The decree by Family Court Judge Daniel Martin suspended a transition plan intended to gradually re-introduce the toddler to Matt and Melanie Capobianco of James Island. It also requests assistance from Dusten Brown’s commanding officer as he finishes a 30-day training mission with the Army National Guard.
The order is one of the strongest actions in the custody dispute since the U.S. Supreme Court ruled in June that Brown wrongly got custody of the girl under the Indian Child Welfare Act. After the case was sent back to South Carolina courts, the Capobiancos’ adoption was finalized.
The girl, who turns 4 next month, lived with the couple for the first 27 months of her life.
Attempts to reach Shannon Jones of Charleston and John Nichols of Columbia, two of Brown’s attorneys in the state, were not successful.
The judge ordered both of the attorneys to divulge their personal knowledge of Veronica’s whereabouts and his plans not to follow the order. Last week, Jones released a statement from Brown that said he wouldn’t abide by a ruling he thought would harm his daughter.
Martin also asked Solicitor Scarlett Wilson and the U.S. Attorney’s Office to take “any lawful action” to find Veronica and return her to the Capobiancos. Wilson said late Monday afternoon that she was “discussing with law enforcement to determine the best way to proceed.”
The Capobiancos declined to comment.
The married pair and a state-certified adoption investigator were scheduled to meet with Veronica and Brown or his relatives for their first, four-hour visit Sunday afternoon. Court documents did not divulge the meeting’s location.
But Veronica and Brown did not show during the visitation window. Martin’s order said he suspended the rest of the transition plan because Veronica “is being unlawfully withheld from her lawful parents.”
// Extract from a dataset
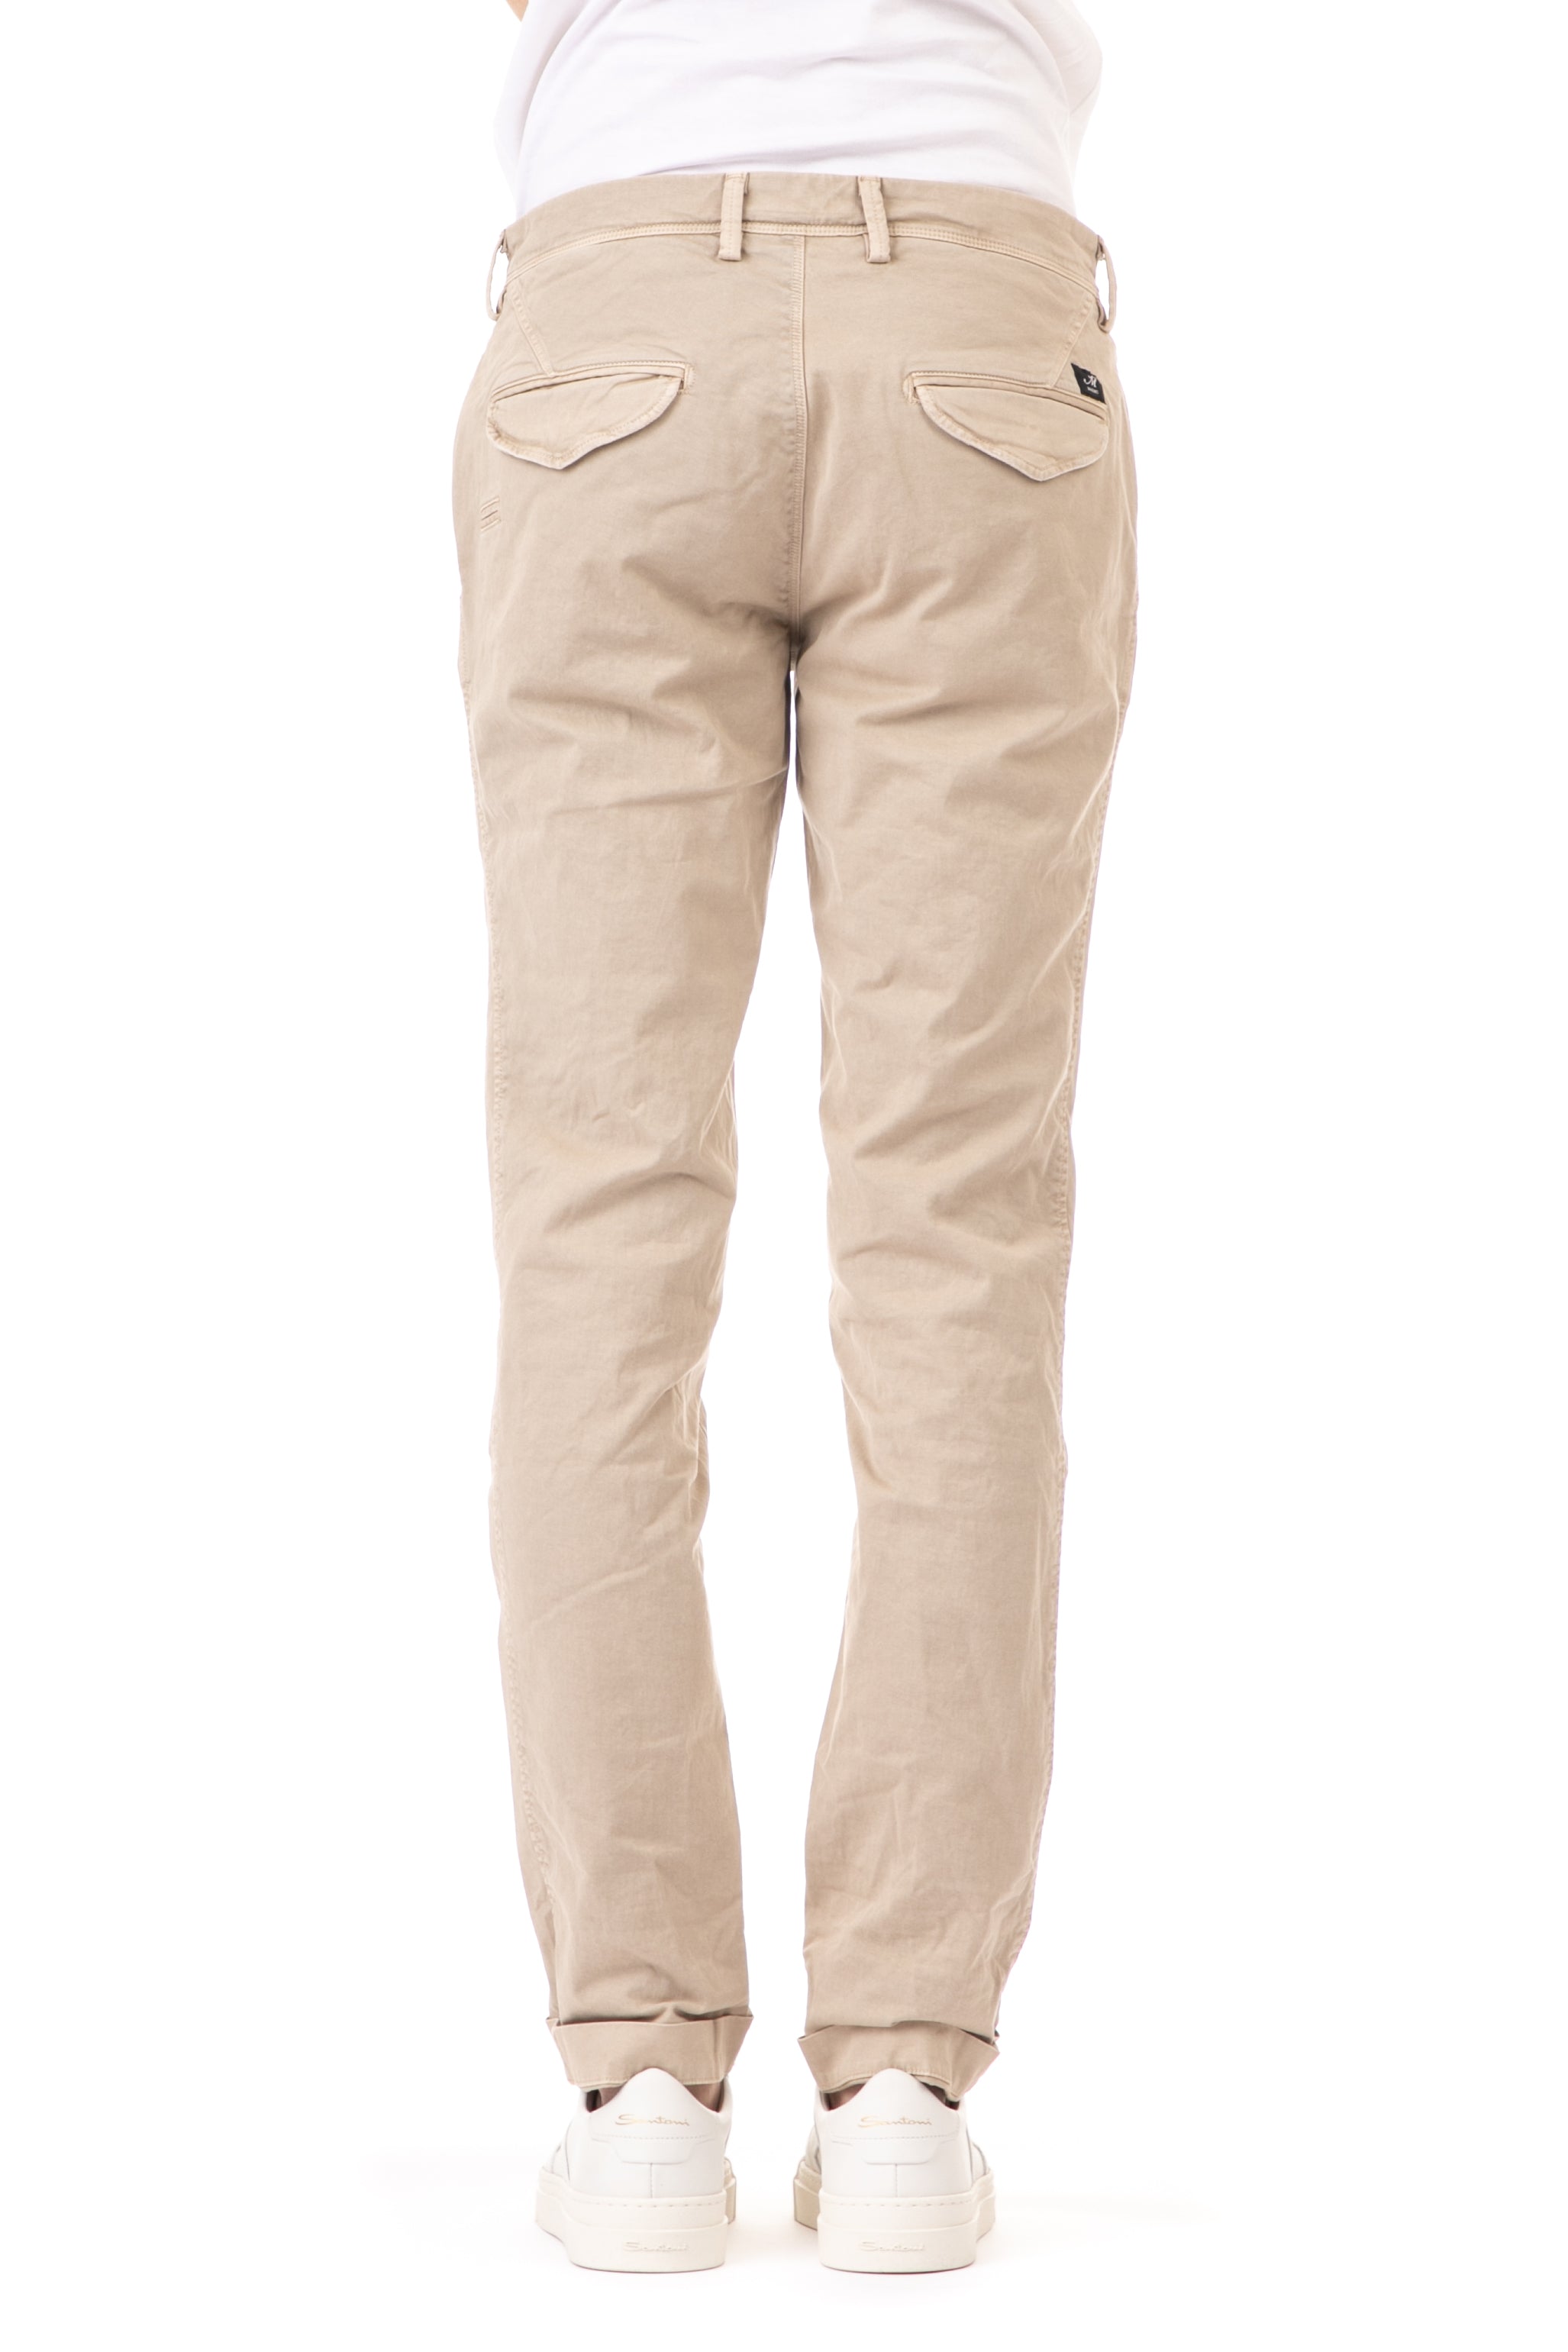 Pantalone in cotone-lyocell modello eisenhower

A court with the Cherokee Nation, of which Brown is a member, had transferred custody of Veronica temporarily to Brown’s wife and his parents as he completes the National Guard training. The tribe has said that the guardianship setup prevented any immediate custody switch.
Chrissi Nimmo, assistant attorney general for the tribe, called it “disgusting” to imply any criminal wrongdoing by Brown, especially while he is in another state for military service. She said it was physically and legally impossible for him to comply.
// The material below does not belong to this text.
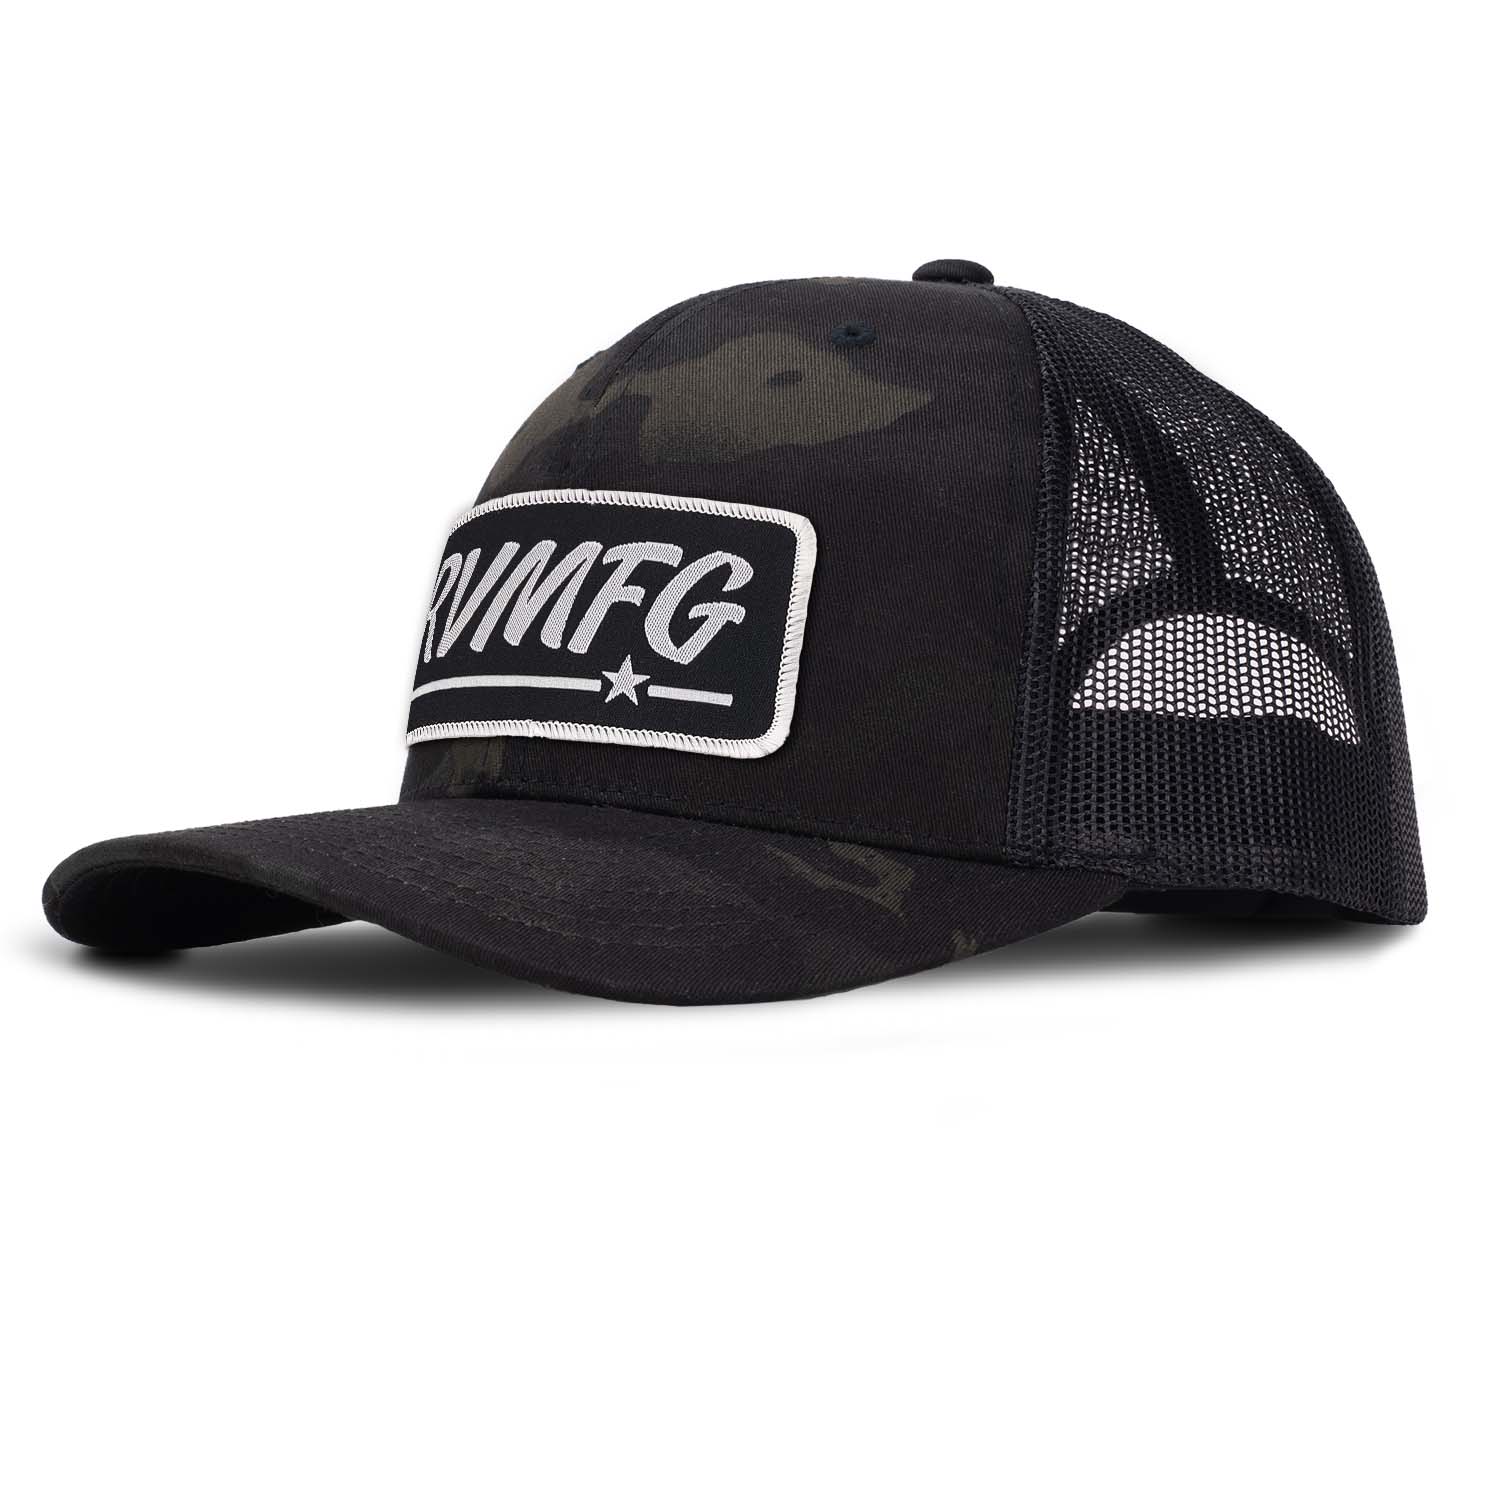 Shop | RVMFG Camo Classic Trucker Hat | Revolution Mfg Multicam Black | Black / Black Patch

The order required Brown or a temporary guardian to attend the visit.
“This is another ploy to paint Dusten as the ‘bad guy,’” Nimmo said. “It is especially appalling while he is serving his country.”
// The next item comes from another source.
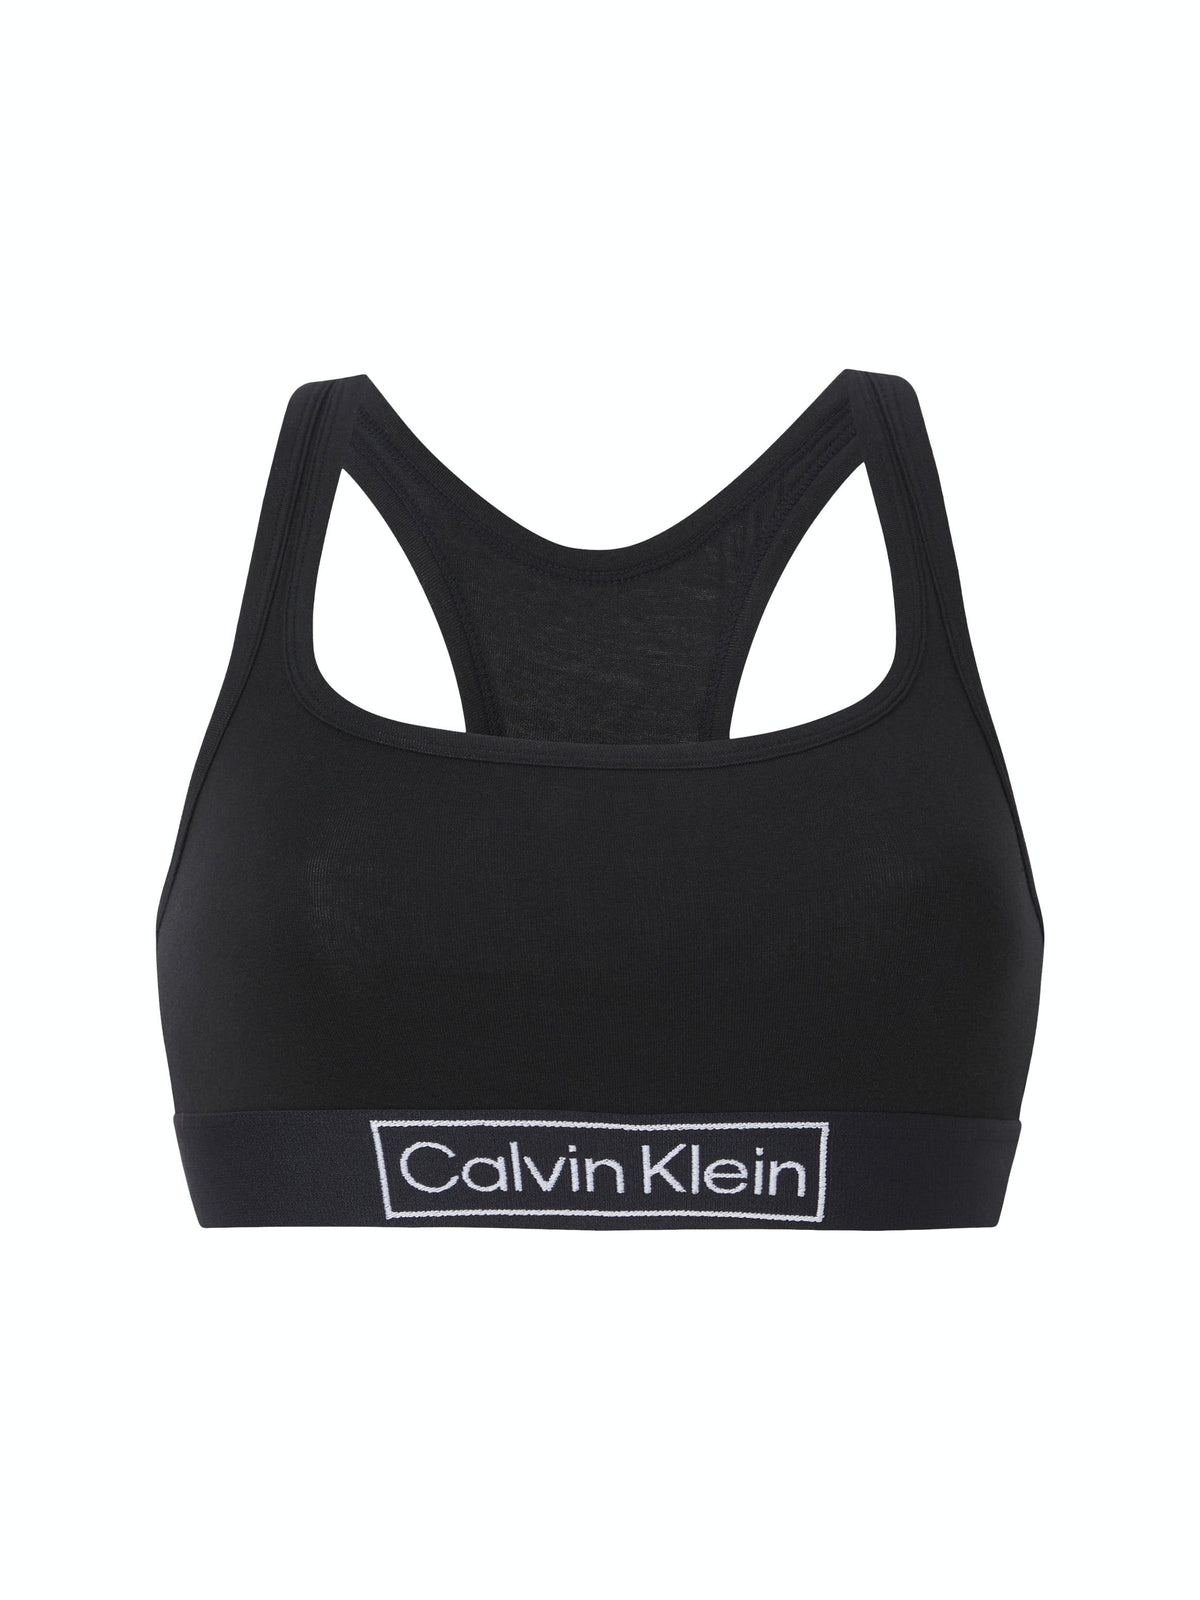 Reimagined Heritage Bralette - Calvin Klein - Splash Swimwear  - calvin klein, maternity, May22, new clothing, women clothing - Splash Swimwear

In his order Monday, Martin asked Brown or the people watching the child to show up in an Oklahoma court with Veronica “to assist in the enforcement of this order.”
“This court reserves exclusive and continuing jurisdiction in this matter to impose additional remedies and sanctions,” Martin added.
Attorneys have said that Brown still can challenge the adoption in Oklahoma, where Veronica has lived for the past 19 months. But as the South Carolina court reasserted its jurisdiction, experts said that bid seems less likely to succeed.
The U.S. Supreme Court also declined last week to step in.
The adoption order, which Martin finalized Wednesday, has been registered in district court in Nowata County, where Brown lives.
For the order to be enforced in Oklahoma, the court must confirm it. Brown has 20 days to challenge it. Nimmo declined to discuss how he might go about that.
Under the Uniform Child Custody Jurisdiction and Enforcement Act, he could argue that South Carolina didn’t have the authority to finalize the adoption. The act helps govern interstate custody disputes in 49 states.
But Brown appeared during adoption proceedings here in 2011 and never challenged the jurisdiction as the South Carolina courts ruled in his favor.
Now that the state courts have issued rulings against him, at least one expert said he will have trouble arguing against their authority.
Marianne Blair, a professor of family law and civil procedure at the University of Tulsa, Okla., College of Law, said it’s common practice for one state’s court to abide by a judgment of anther state’s court.
But Veronica’s case is rare, Blair warned: A child up for adoption is typically living in the state that decides custody. If tribal courts get involved, that could add another hiccup in the process, she said.
“In general, an adoption order is a judgment, so Oklahoma state courts have to enforce it,” Blair said. “I don’t see how he could challenge (South Carolina) now.”